Molecular basis of chronopharmaceutics.

Many pathophysiological circumstances vary during 24 h periods. Many physiologic processes undergo biological rhythms, including the sleep-wake rhythm and metabolism. Disruptive effect in the 24 h variations can manifest as the emergence or exacerbation of pathological conditions. So, chronotherapeutics is gaining increasing interest in experimental biology, medicine, pharmacy, and drug delivery. This science and the plethora of information should be used intelligently for optimizing the effectiveness and safety of the drug, relying on the timing of drug intake. These chronopharmacological findings are affected by not only the pharmacodynamics but also pharmacokinetics of drugs.

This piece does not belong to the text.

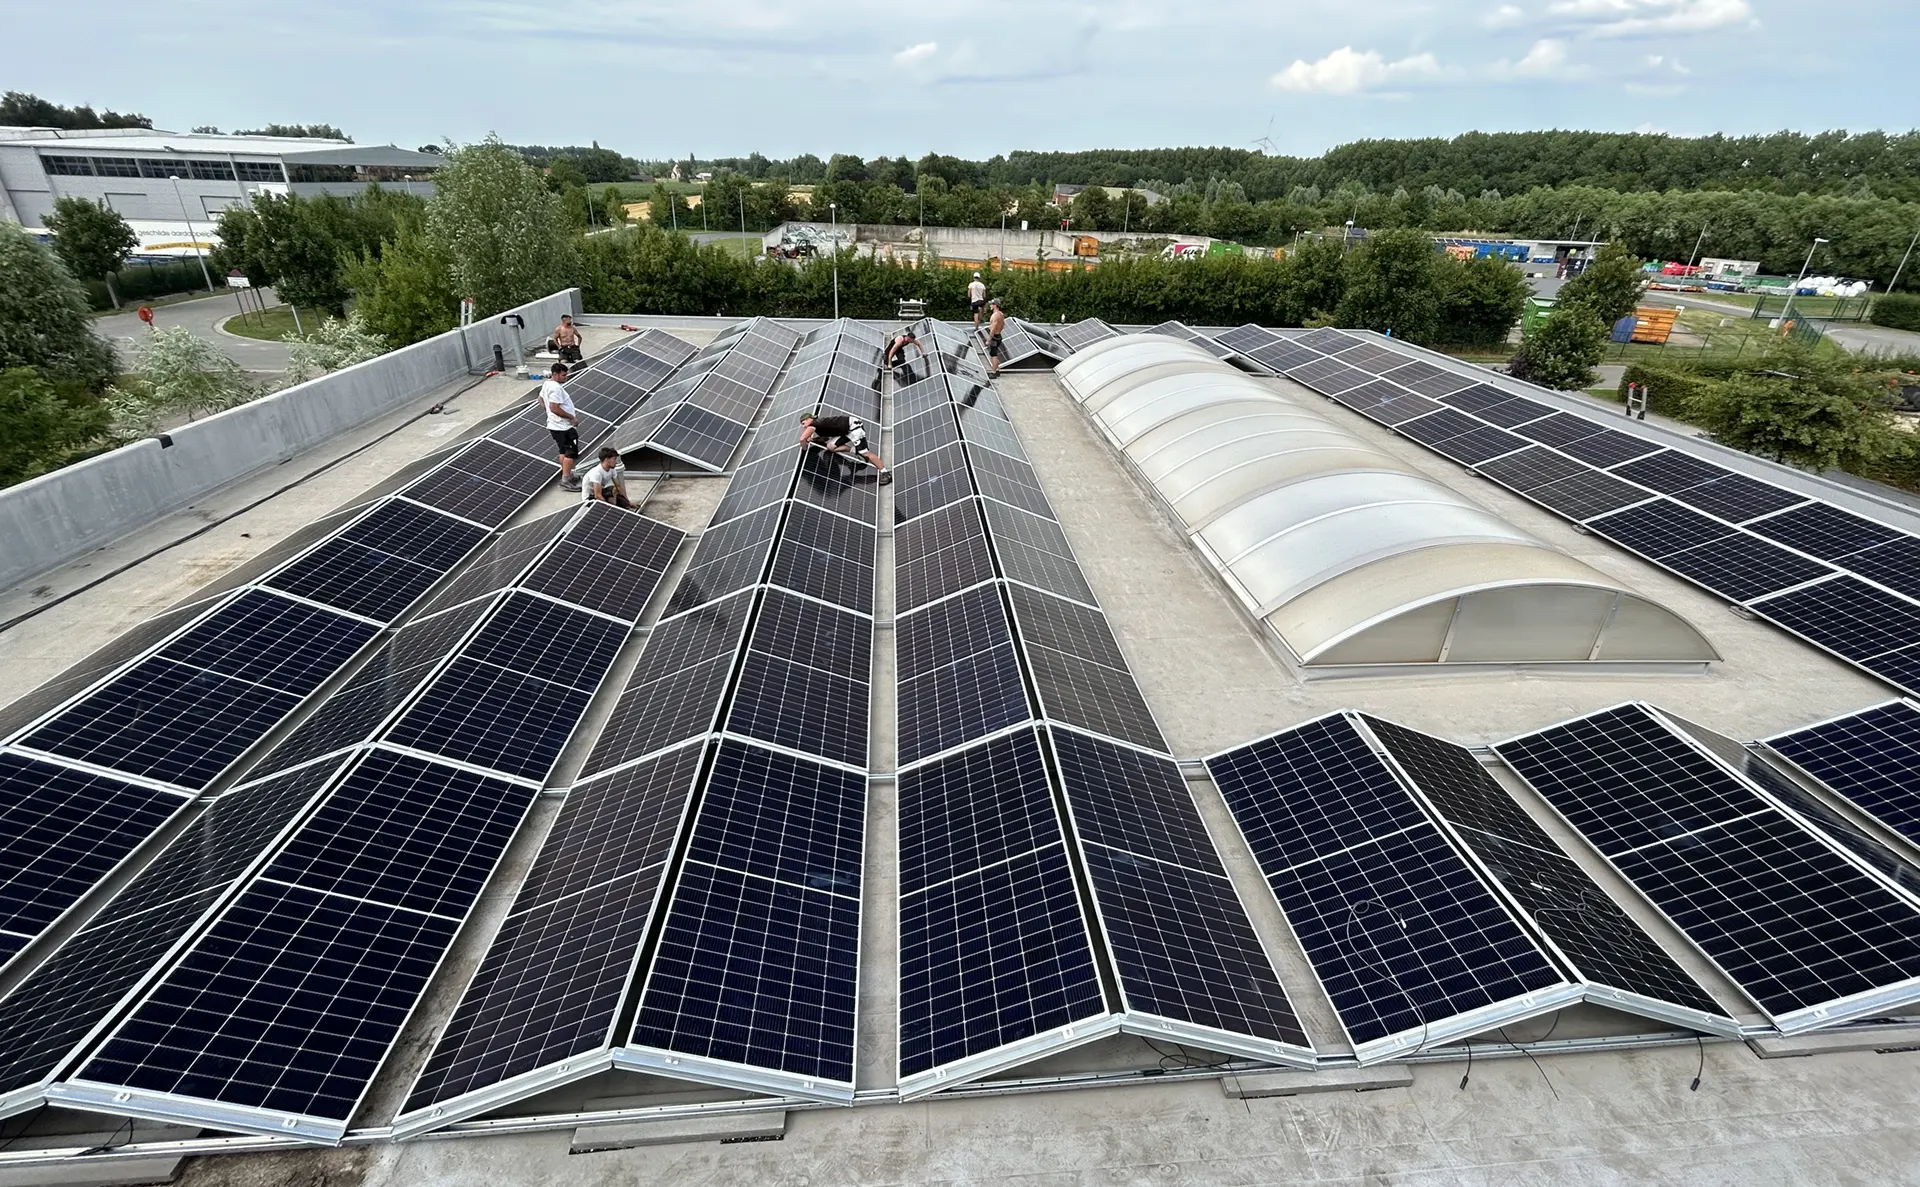 Empower your industry with clean energy - Elevate your business sustainability with solar panels tailored to your needs

The mammalian circadian pacemaker is located in the suprachiasmatic nucleus. The molecular mechanisms are associated with Clock genes that control the circadian rhythms in physiology, pathology, and behavior. Clock controls several diseases such as metabolic syndrome, cancer, and so on. CLOCK mutation influences the expression of both rhythmic and nonrhythmic genes in wild-type tissues. These genotypic changes lead to phenotypic changes, affecting the drug pharmacokinetic and pharmacodynamic parameters. This review is intended to elaborate system regulating biological rhythms and the applicability in pharmaceutics from viewpoints of the intraindividual and interindividual variabilities of Clock genes.